Description of the task
Copy out the records in full, word for word, without pictures.

Records for processing
↓↓↓

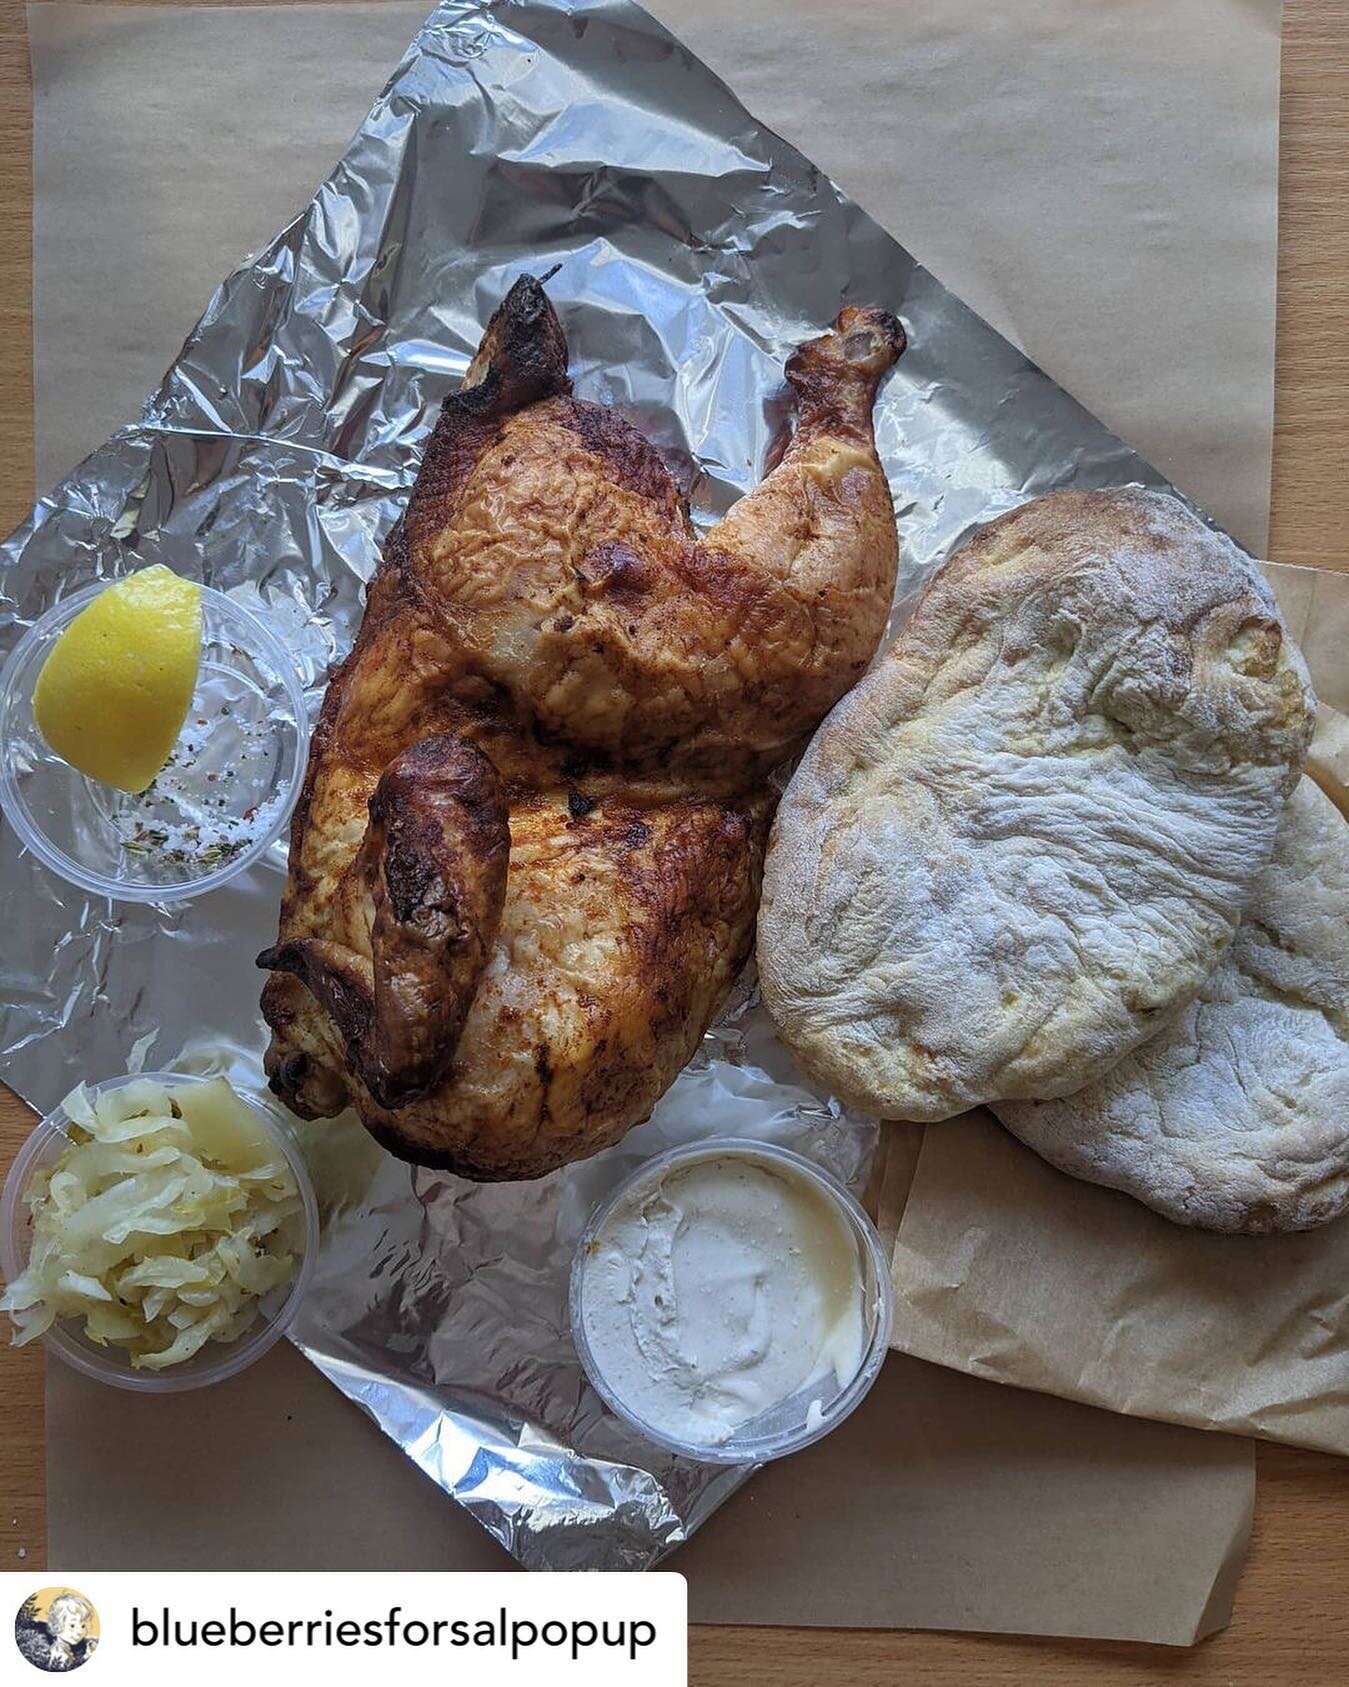 Pop pop!  @blueberriesforsalpopup - Sunday roast chicken mega kit. this one 👉 
an ode to my favorite all day Sunday grazing.
Smorgasbord Sunday this weekend!

our friends @labottega.boston are 
making a special maple #gelato for this kit. eat it whe
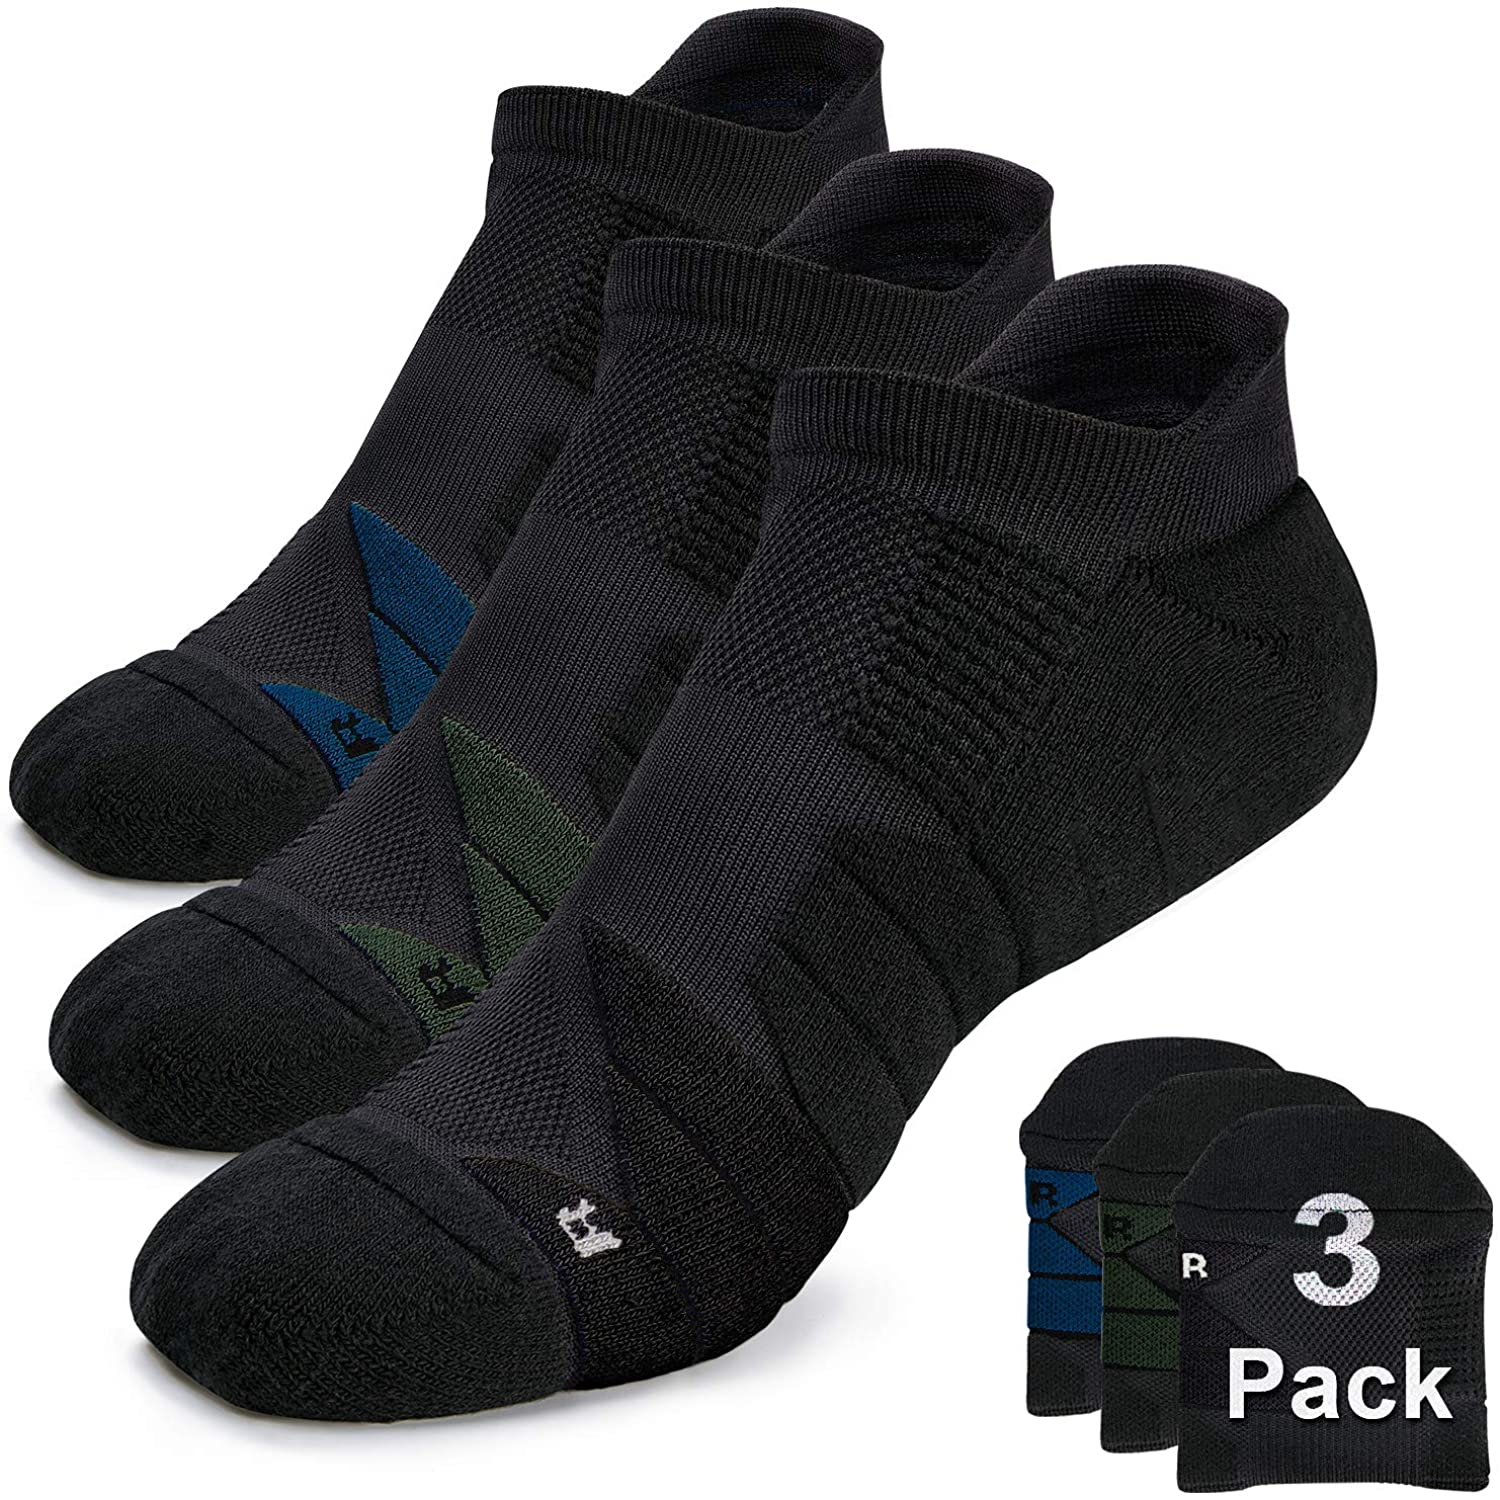 Compression Athletic No Show Running Socks with, 3 Pairs-black, Size ...
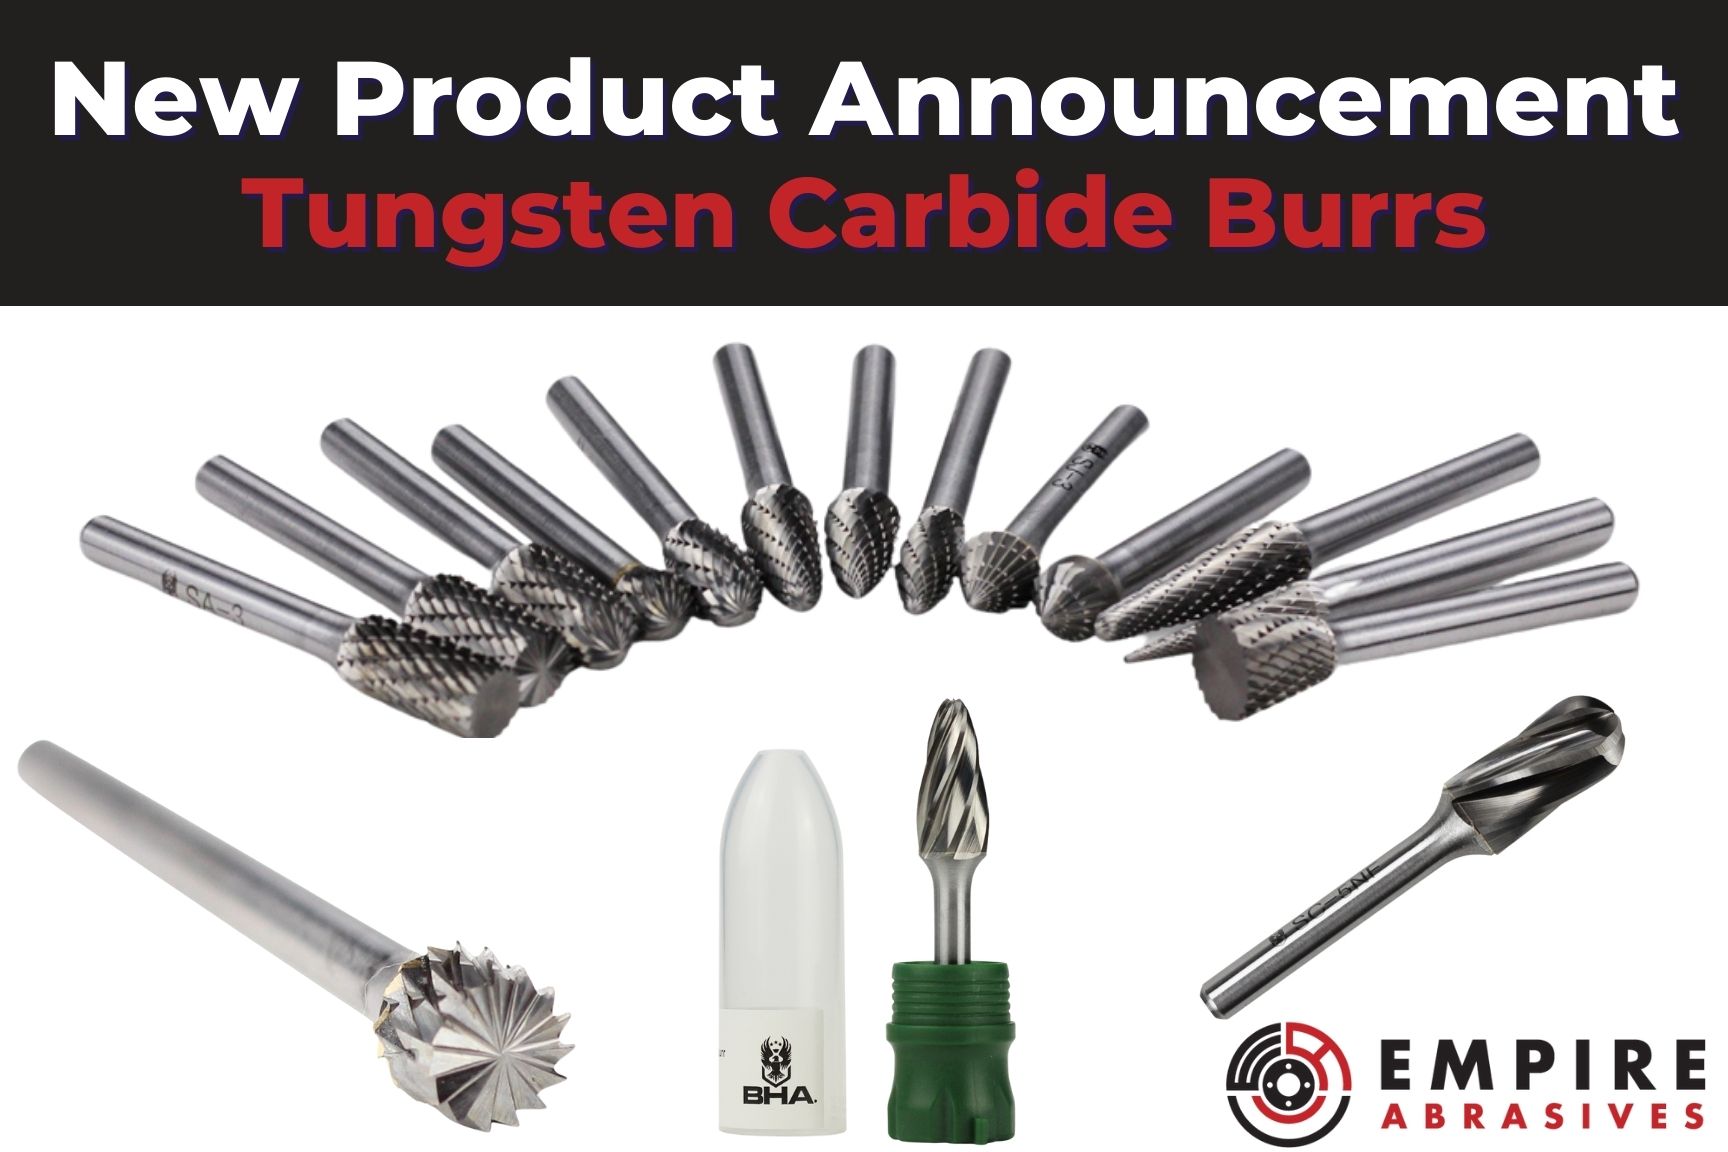 New Product Line - Tungsten Carbide Burrs at Empire Abrasives

↑↑↑

Answer space
 Pop pop!  @blueberriesforsalpopup - Sunday roast chicken mega kit. this one 👉 
an ode to my favorite all day Sunday grazing.
Smorgasbord Sunday this weekend!

our friends @labottega.boston are 
making a special maple #gelato for this kit. eat it whe
 Compression Athletic No Show Running Socks with, 3 Pairs-black, Size ...
 New Product Line - Tungsten Carbide Burrs at Empire Abrasives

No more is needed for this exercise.